2,ham,Am also doing in cbe only. But have to pay.
3,spam,"complimentary 4 STAR Ibiza Holiday or å£10,000..."
4,spam,okmail: Dear Dave this is your final notice to...
...,...,...
5554,ham,You are a great role model. You are giving so ...
5555,ham,"Awesome, I remember the last time we got someb..."
5556,spam,"If you don't, your prize will go to another cu..."
5557,spam,"SMS. ac JSco: Energy is high, but u may not kn..."


In [83]:
raw_df['Text'] = raw_df['Text'].astype('str')
raw_df['Type'] = raw_df['Type'].astype('str')

raw_df = raw_df.fillna(0)
raw_df.drop(raw_df[raw_df['Text'] == 0].index, axis=0, inplace=True)
raw_df.drop(raw_df[raw_df['Type'] == 0].index, axis=0, inplace=True)
raw_df.drop_duplicates(subset='Text', keep='first', inplace=True)

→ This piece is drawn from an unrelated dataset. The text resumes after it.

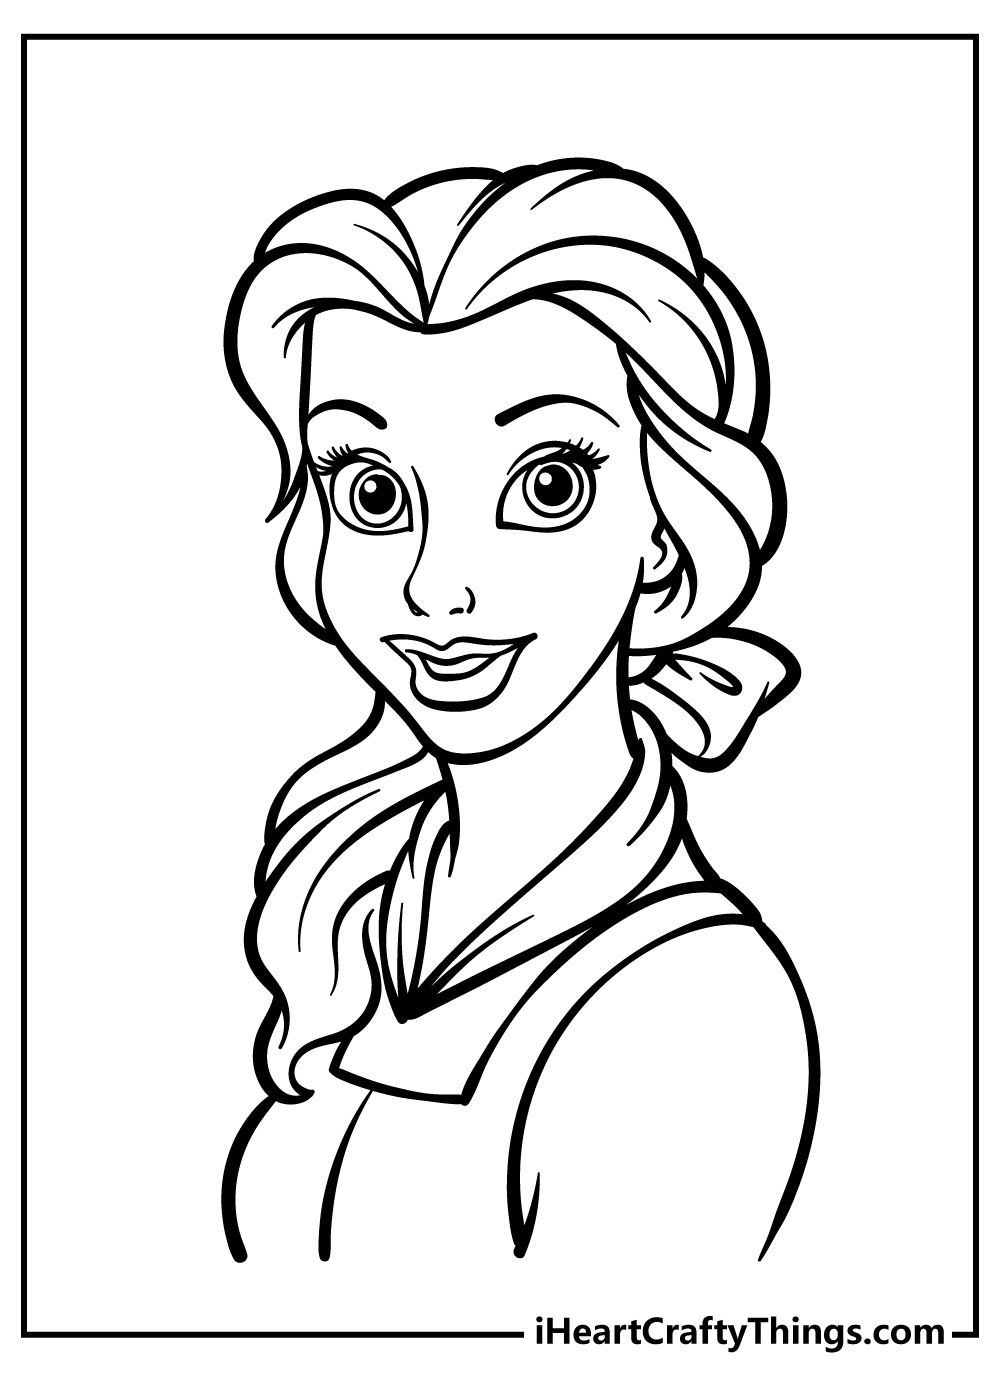 Belle Coloring Pages free pdf download

raw_df=raw_df.reset_index(drop=True)

raw_df.Text = raw_df.Text.str.lower()

raw_df['Text'] = raw_df['Text'].str.replace("'s'", "")

raw_df["Text"] = raw_df['Text'].apply(lambda record: word_tokenize(record))
stop_words = set(stopwords.words("english"))
raw_df['Text'] = raw_df['Text'].apply(lambda record: [word for word in record if word not in stop_words])
    
def apply_lemmatization(string_list):

    lem = WordNetLemmatizer()
    list = []

    for word in string_list:
        list.append(lem.lemmatize(word, "v"))

    return list

raw_df['Text'] = raw_df['Text'].apply(apply_lemmatization)

raw_df.Text = raw_df.Text.apply(lambda record: " ".join(record))

raw_df["Text"] = raw_df['Text'].apply(lambda x: re.sub('[^A-Za-z" "]+', "", x))

class_codes = {'ham': 1, 'spam': -1}
raw_df['Class_Code'] = raw_df['Type']
raw_df = raw_df.replace({'Class_Code': class_codes})
cleaned_df=raw_df
cleaned_df

Unnamed: 0,Type,Text,Class_Code
0,ham,hope good week check,1
1,ham,kgive back thank,1
2,ham,also cbe pay,1
3,spam,complimentary star ibiza holiday cash need u...,-1
4,spam,okmail dear dave final notice collect teneri...,-1
...,...,...,...
5151,ham,great role model give much really wish day mi...,1
5152,ham,awesome remember last time get somebody high ...,1
5153,spam,nt prize go another customer c wwwtcbiz pm...,-1
5154,spam,sms ac jsco energy high u may know channel ...,-1


In [84]:
X_train, X_test, y_train, y_test = train_test_split(cleaned_df['Text'],
                                                    cleaned_df['Class_Code'], test_size=0.15,random_state=8)

tfidf = TfidfVectorizer(encoding='utf-8',
                                ngram_range=(1, 2),
                                stop_words=None,
                                lowercase=False,
                                max_df=1.0,
                                min_df=10,
                                max_features=700,
                                norm='l2',
                                sublinear_tf=True)
features_train = tfidf.fit_transform(X_train).toarray()
class_labels_train = y_train

features_test = tfidf.transform(X_test).toarray()
class_labels_test = y_test

In [85]:
gaussian_nbc = GaussianNB()
pred_gaussian = gaussian_nbc.fit(features_train,class_labels_train).predict(features_test)
pred_gaussian_train=gaussian_nbc.predict(features_train)
confusion_matrix(y_test,pred_gaussian)
print ("Test Accuracy of Gaussian Naive Bayes model accuracy(in %):", accuracy_score(y_test, pred_gaussian)*100)
print ("Train Accuracy of Gaussian Naive Bayes model accuracy(in %):", accuracy_score(y_train, pred_gaussian_train)*100)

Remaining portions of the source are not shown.